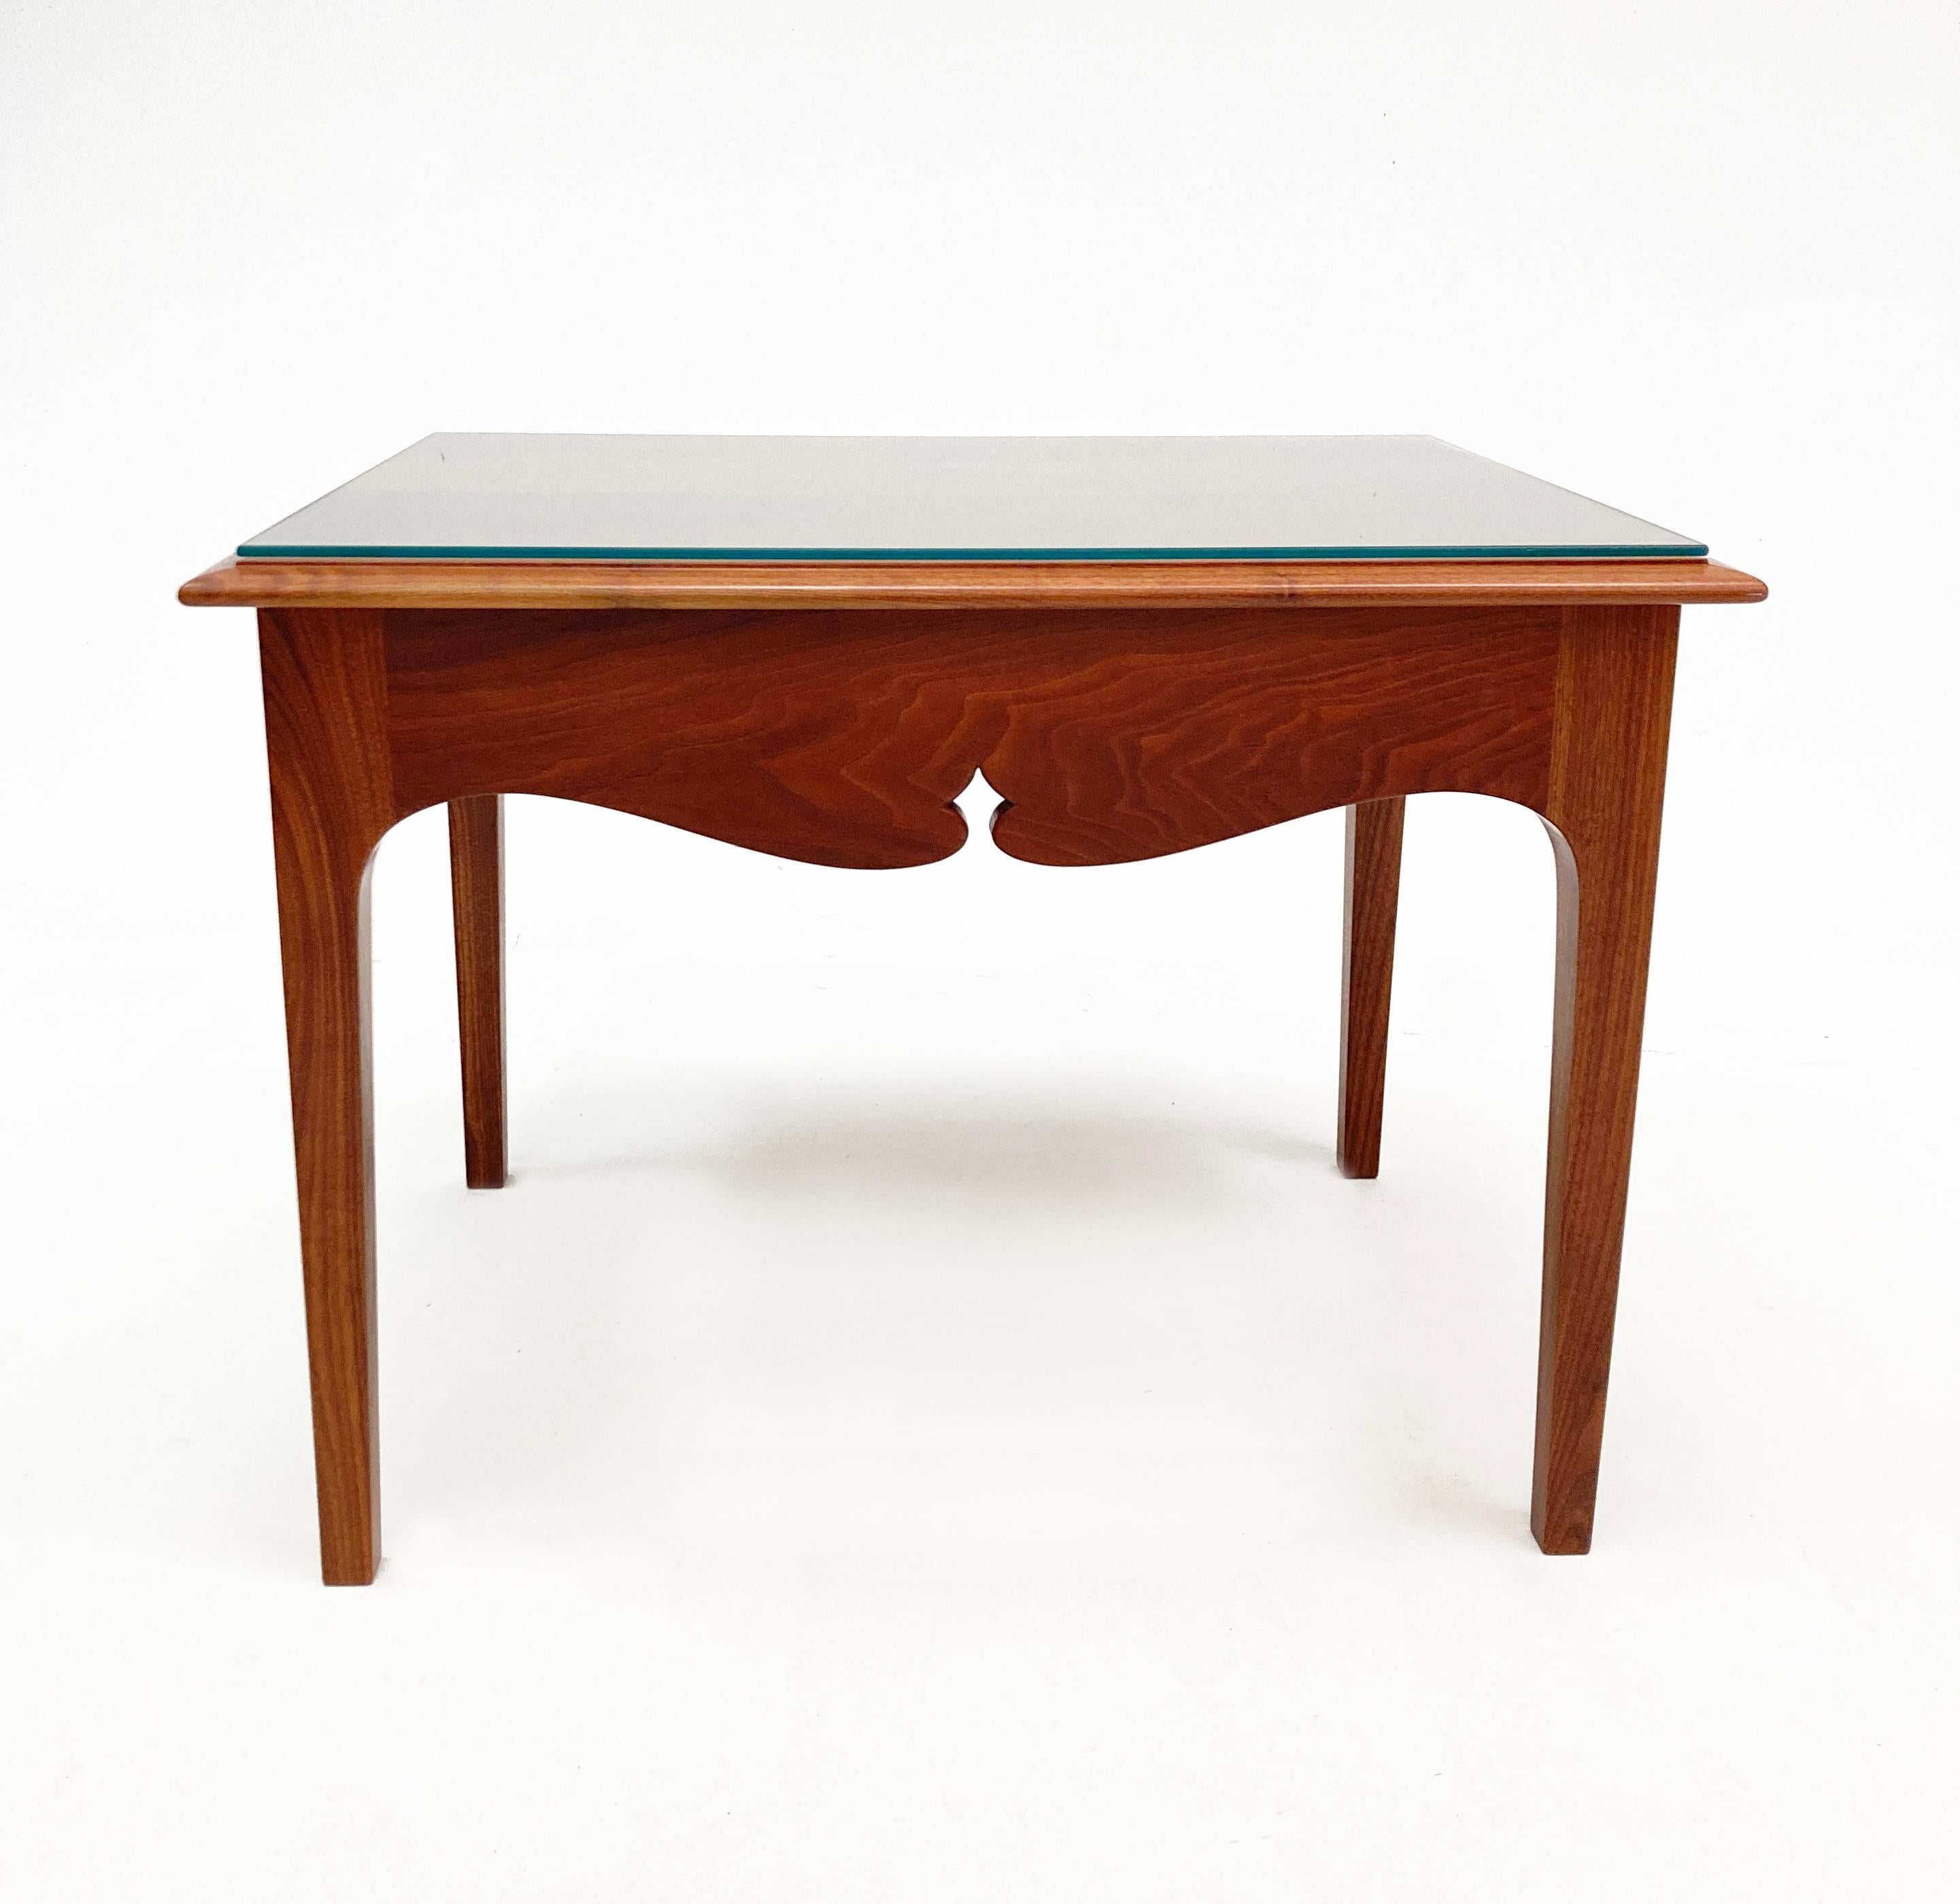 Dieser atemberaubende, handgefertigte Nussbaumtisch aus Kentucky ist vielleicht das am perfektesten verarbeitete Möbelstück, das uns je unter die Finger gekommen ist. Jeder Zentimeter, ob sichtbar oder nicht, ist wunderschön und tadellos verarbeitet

+===+

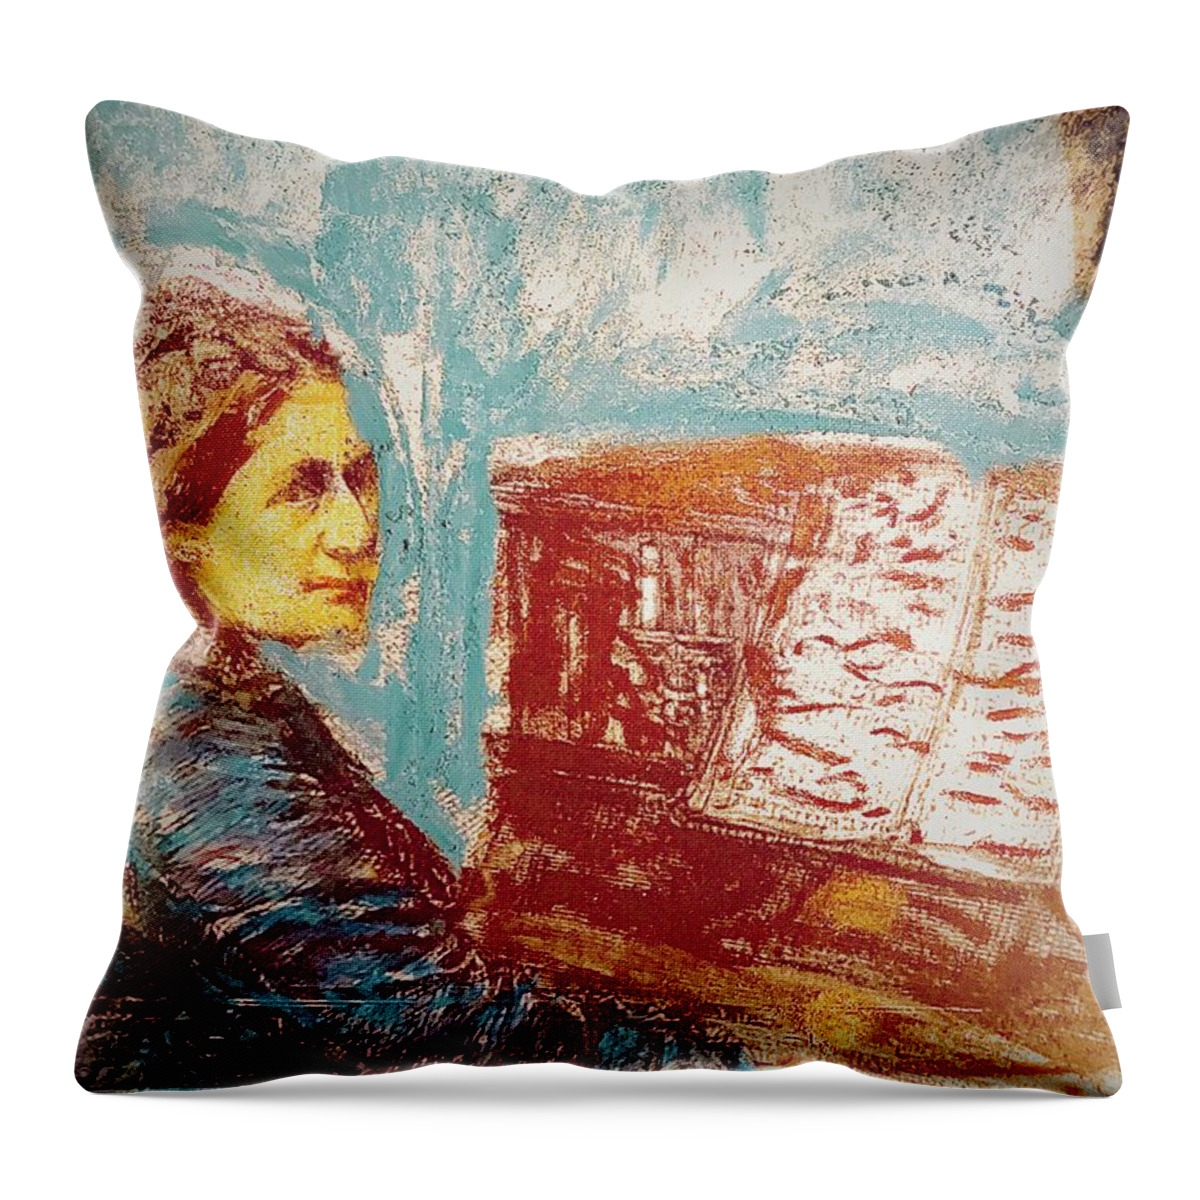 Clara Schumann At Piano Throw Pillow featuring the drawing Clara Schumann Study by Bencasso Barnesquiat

+===+

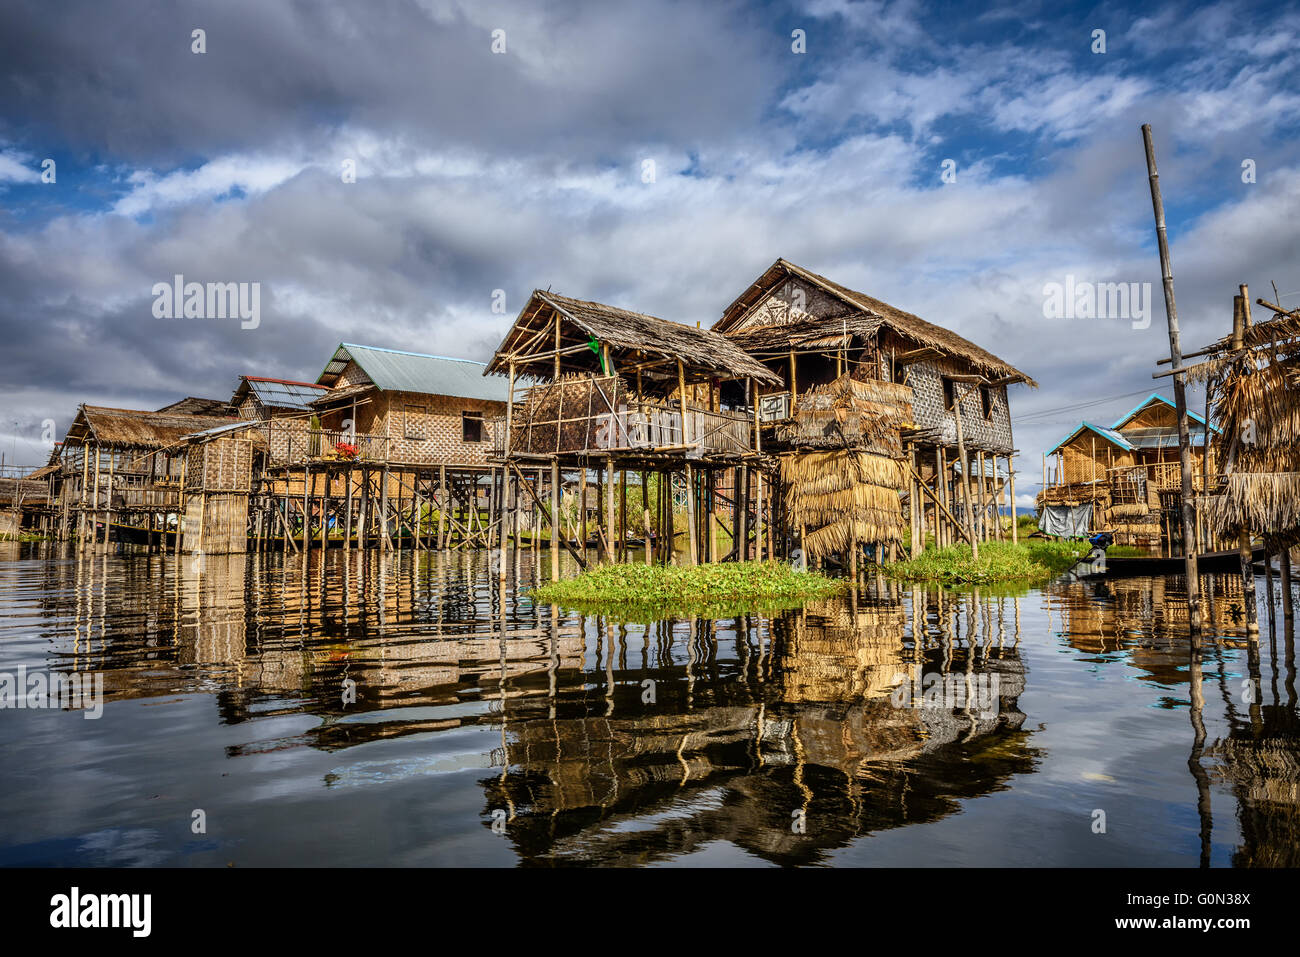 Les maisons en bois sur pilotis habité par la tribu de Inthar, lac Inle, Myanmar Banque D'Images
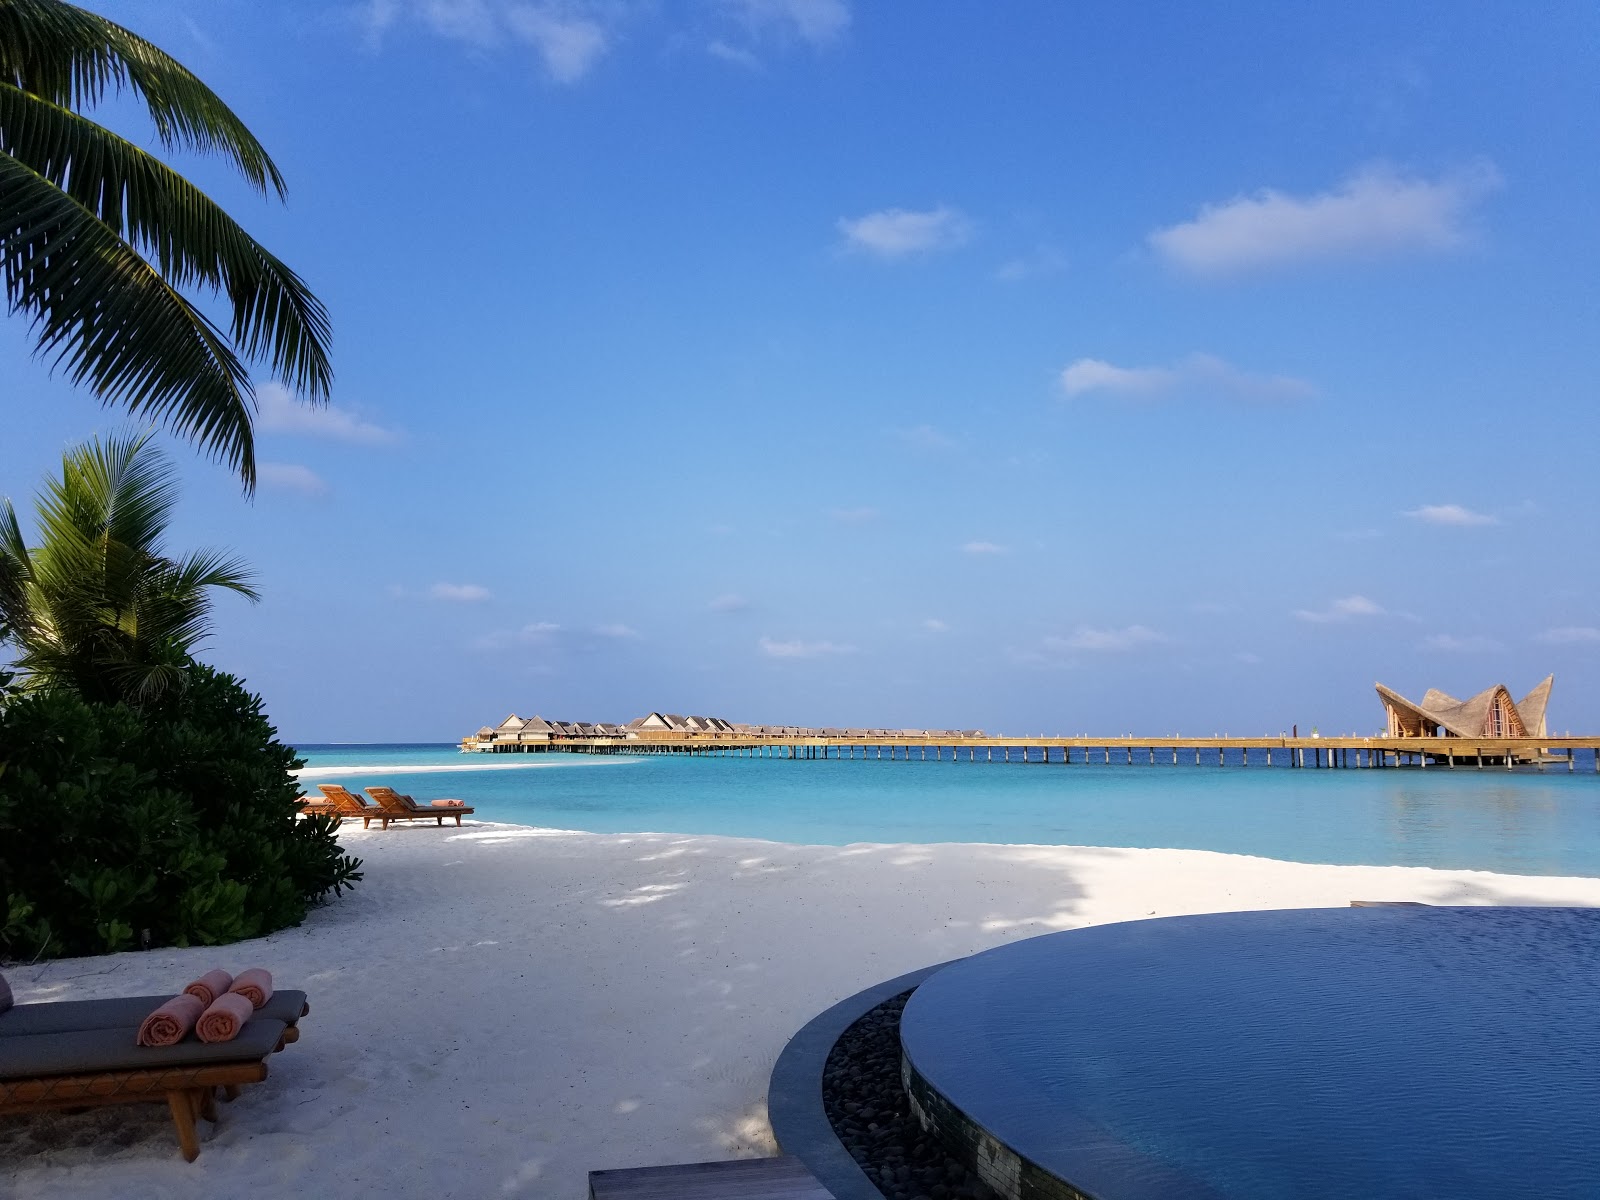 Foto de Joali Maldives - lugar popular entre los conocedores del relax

+===+

• WORK INSTRUCTIONS: Would you please reproduce the entries above, starting at the line with "Les maisons en" and stopping after the line with "Foto de Joali"? Omit any pictures.

• ANSWER SECTION:
 Les maisons en bois sur pilotis habité par la tribu de Inthar, lac Inle, Myanmar Banque D'Images
 Foto de Joali Maldives - lugar popular entre los conocedores del relax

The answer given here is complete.